On 8-Nov-07, at 4:34 PM, Chris Hostetter wrote:
>
> : First, how to determine whether the filter-embedding would be
> effective? We
> ...
> : really available. It can be estimated assuming the filter and
> query are
> : independent, but this definitely isn't always true. If the filter
>
> I was assuming we could use a simple hueristic...
> if( configOption < docSet.size()/numDocs() )
Another case that comes to mind is if the matching query is a
MatchAllDocsQuery, in which case the filter should probably be used
directly.
> : Second, embedding the filter itself. This is much more
> nettlesome within
> : SolrIndexSearcher than within one of the request handlers. One
> problem is the
>
> really? why should it be?
Sorry, that sentence was the product of thinking-while-responding,
which is always a recipe for being wrong <g>. I had a particular
query structure in mind, one that had the matching clauses embedded
in the inner "core" of the query with several layers of score
modification queries wrapped on top of this (e.g. dismax's various
boost queries; yonik's multiplicative boost queries). I was
imagining that it was necessary to embed the filter clauses in the
"core" to produce an effective implementation. By the time I
finished my response, I had read enough of the relevant Lucene scorer
code (in particular, ReqOptScorer) to realize that the benefits would
be had using an outer-layer ConjunctionQuery as well.

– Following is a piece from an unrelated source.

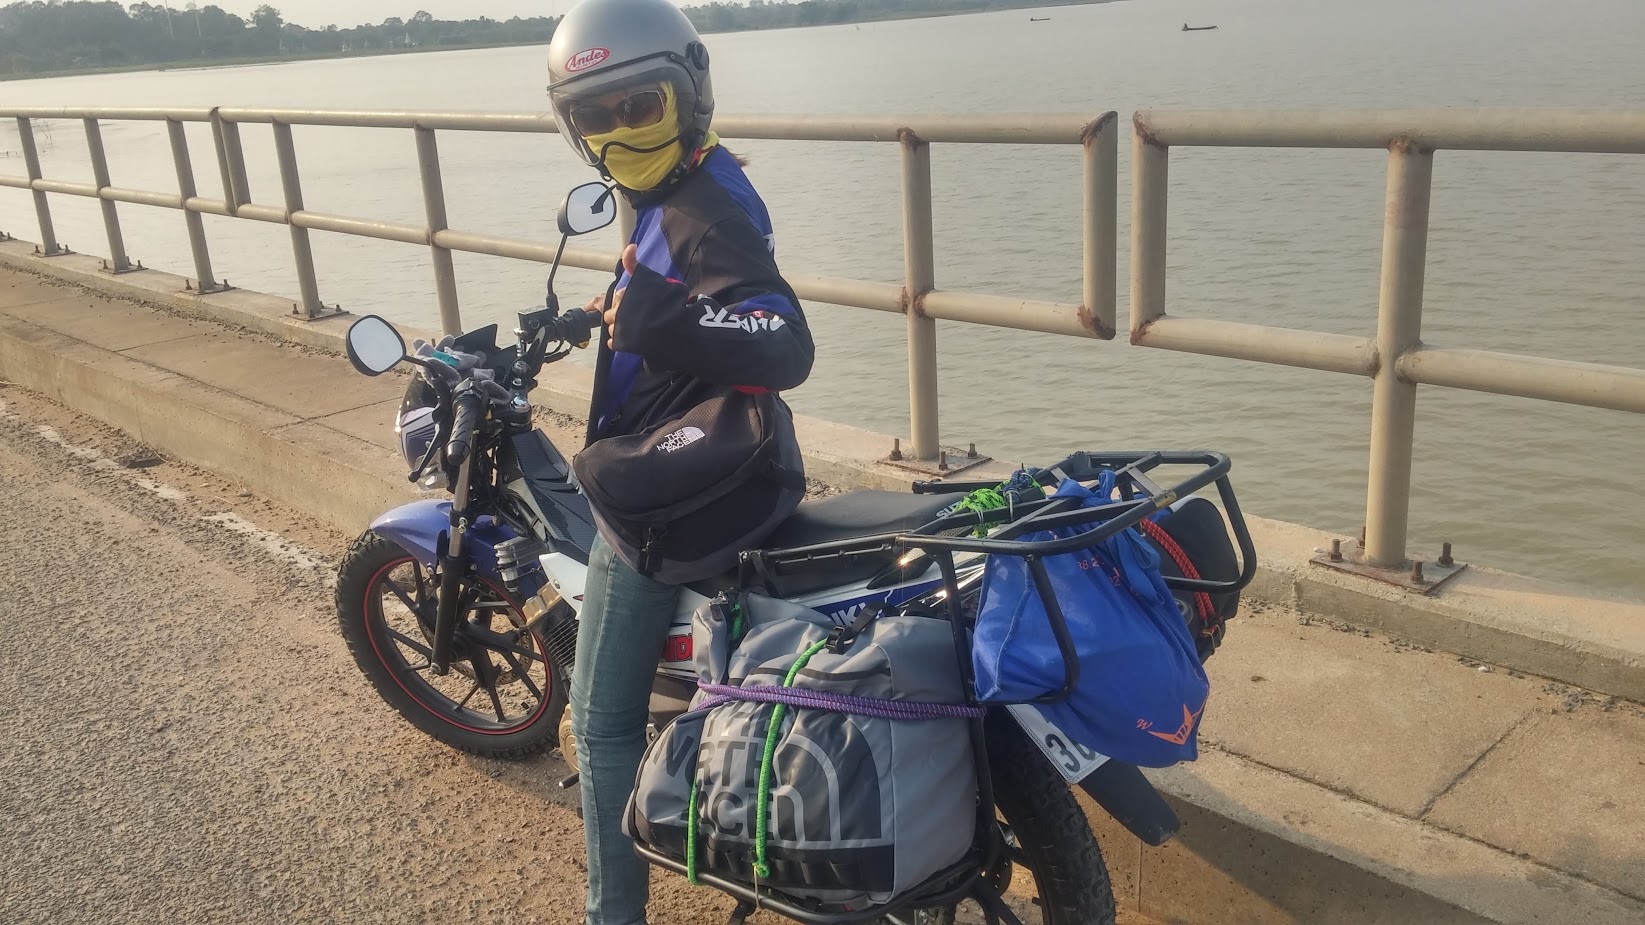 Suzuki Raider customised for Cambodia
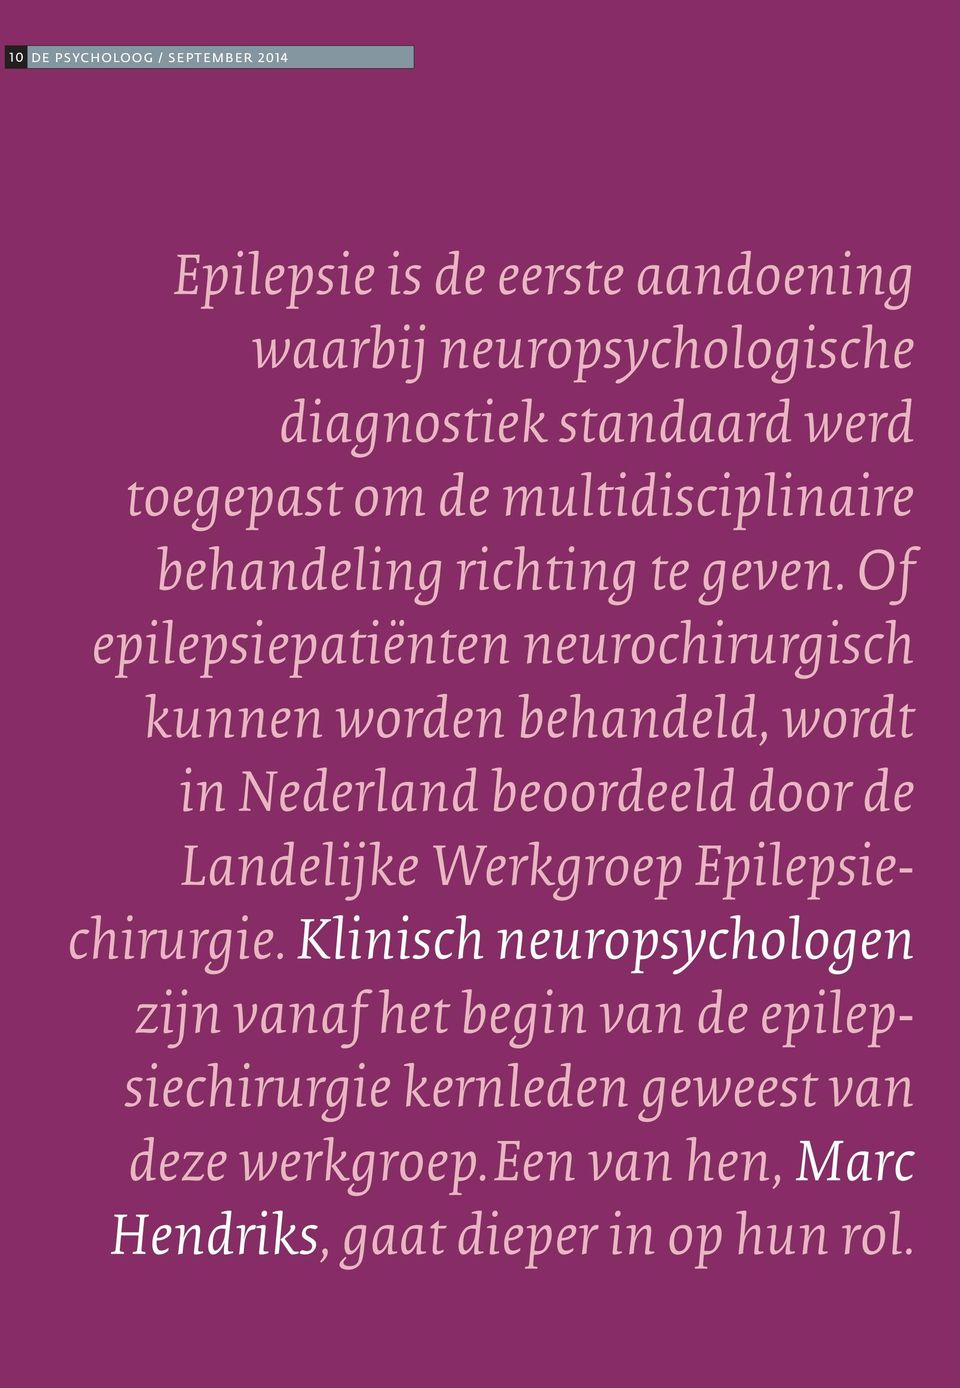 Of epilepsiepatiënten neurochirurgisch kunnen worden behandeld, wordt in Nederland beoordeeld door de Landelijke

> anything the request handler can do to much with the Query object
> SolrIndexSearcher can do as well .. and by the time
> getDocListNC/getDocListAndSetNC are called the "pure negative"
> issues are
> alrady resolved.
>
> The only difference is that in those methods we already have a DocSet
> (instead of a Query) but it should be easy to wrap a DocSet in a
> Query to
> add to the main query.
>
> : ISTM then that the main challenge is in determining when the filter
> : intersection should be embedded. Also, the ability to control
> filter caching
> : is still difficult with this implementation, but perhaps that's less
> : important.
>
> yeah ... it seems like there are two orthoginal use cases...
> 1) "here is an 'fq', i know it's not worth caching" ... in which we
> don't put it in the filterCache.
> 2) "here is an 'fq'" ... in which we get the DocSet and add it to
> the
> main query if it's small.
>
> for any given input, 1 and 2 might both apply, or just 1, or just 2
True. I'm tempted to implement a <!nocache> directive via embedding
(without advertising the fact), and work on the fq optimization
separately.
Thanks,
-Mike
|